5. Use `/dyad:pr-push` or commit + `gh pr create` directly. The PR body MUST include:
   - A link to the failing run.
   - The root-cause narrative (what raced, in concrete terms — not "timing issue").
   - Why the fix is correct (what the retry loop is doing that the original flow wasn't).
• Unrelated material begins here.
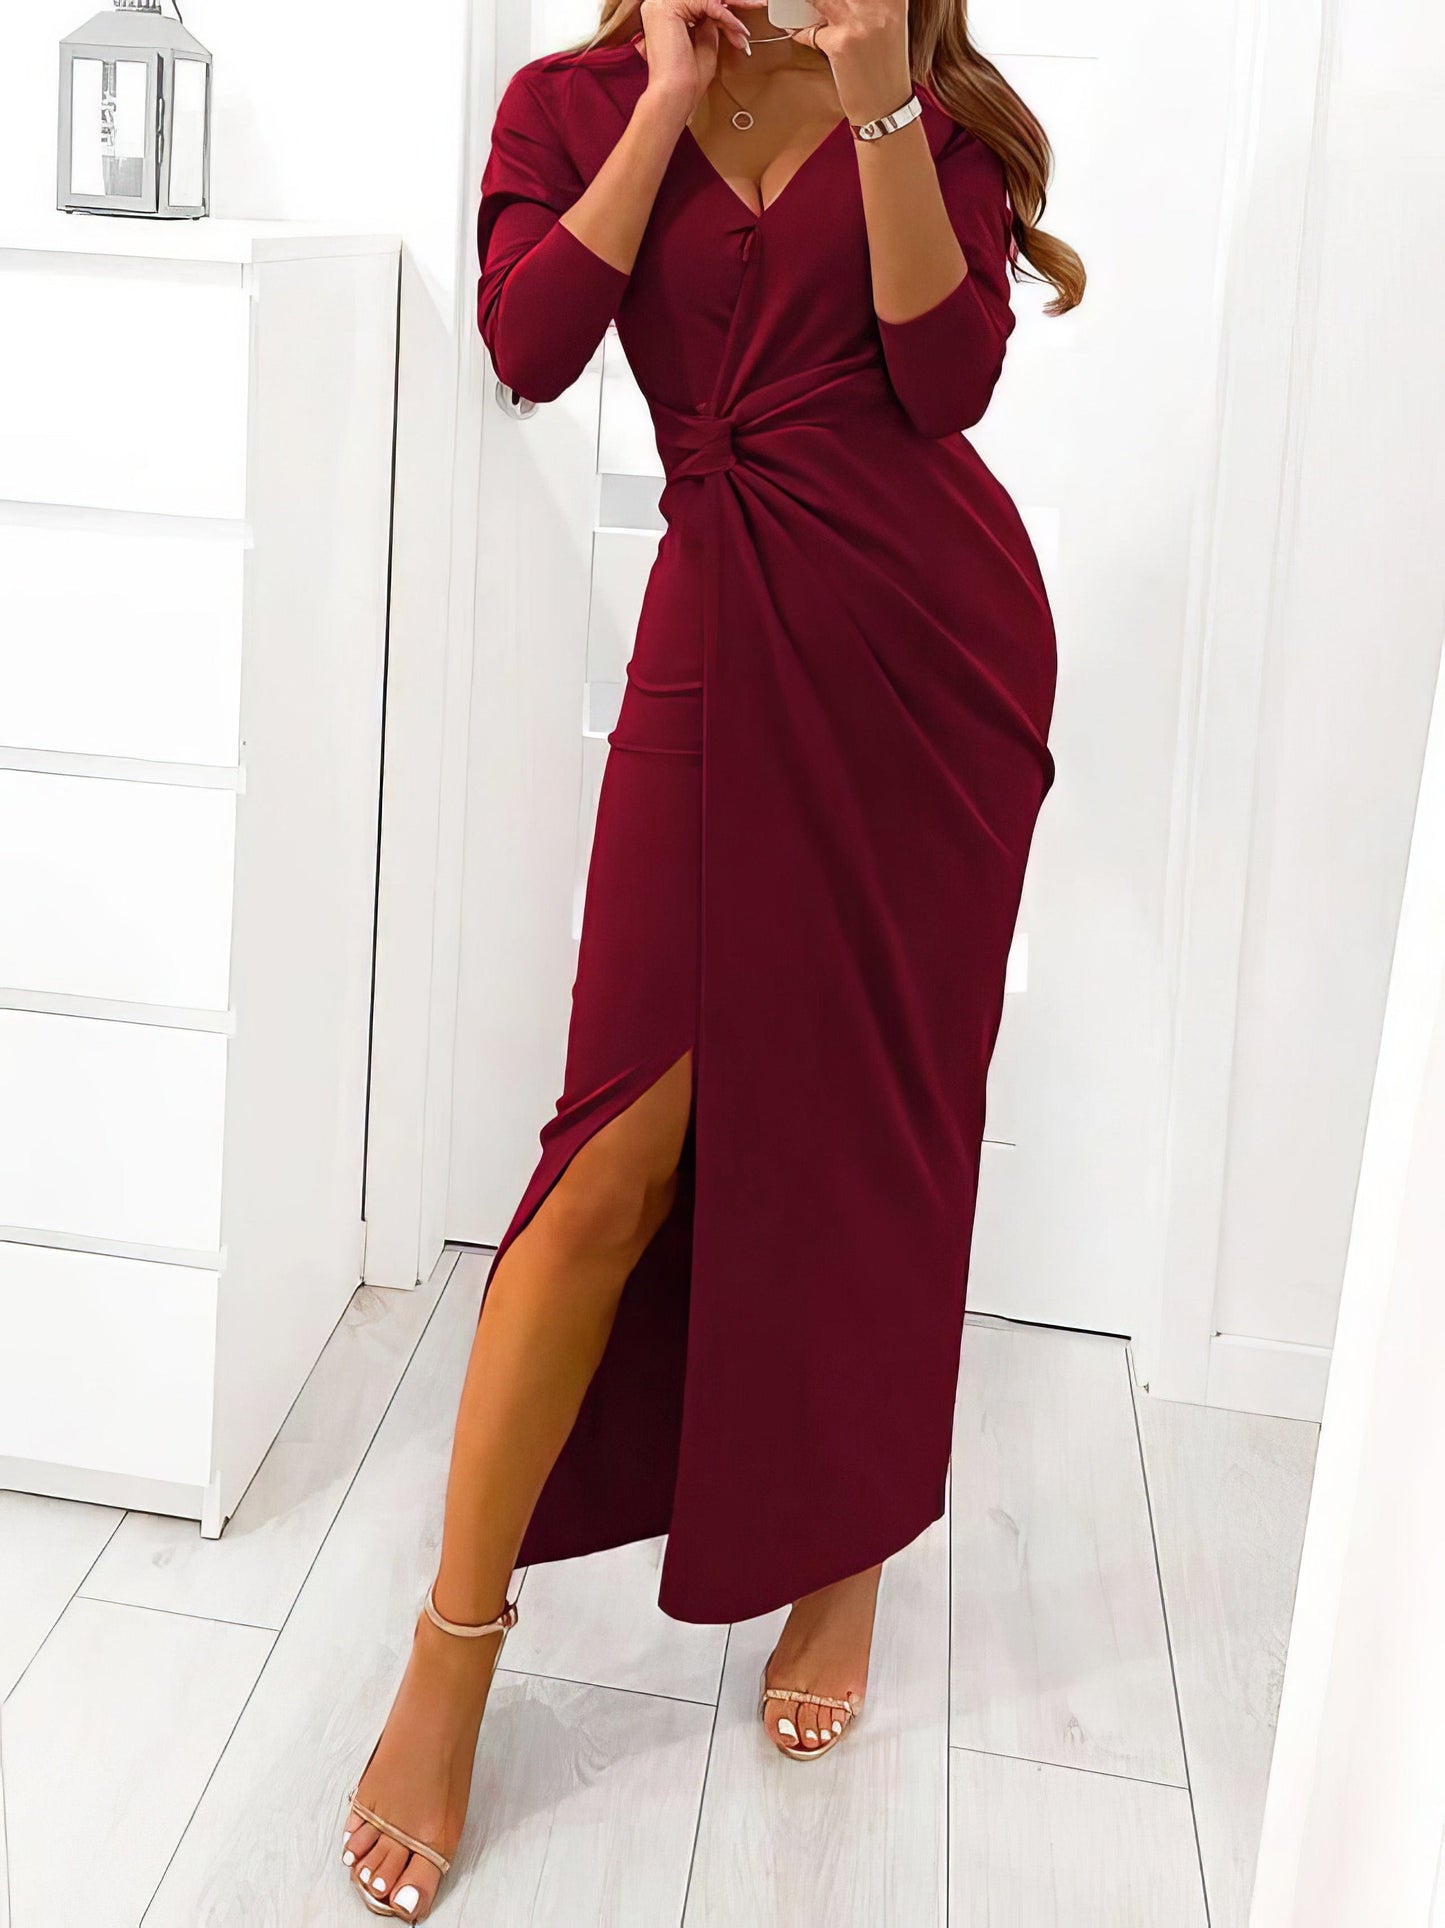 MsDressly Maxi Dresses V-Neck Long Sleeve Split Evening Dress

   - The local build and affected E2E commands you ran.

## Gotchas

- `gh run download` needs `-R <owner>/<repo>` if you're not in a cwd with matching origin.
- `results.json` paths inside `attachments[]` are _CI-side_; only use them to match hashes, never to read files.
- A fork PR's artifacts live on the fork's run, not the upstream's. Make sure `run_id` is on the right repo.
- Many traces unpack to the same `/tmp/trace-extract/` — clean between extractions or use unique subdirs.
- The `html-report` is the _merged_ report across shards. Individual shard artifacts (`blob-report-*`, `flakiness-report-*`) are usually unnecessary for root-causing.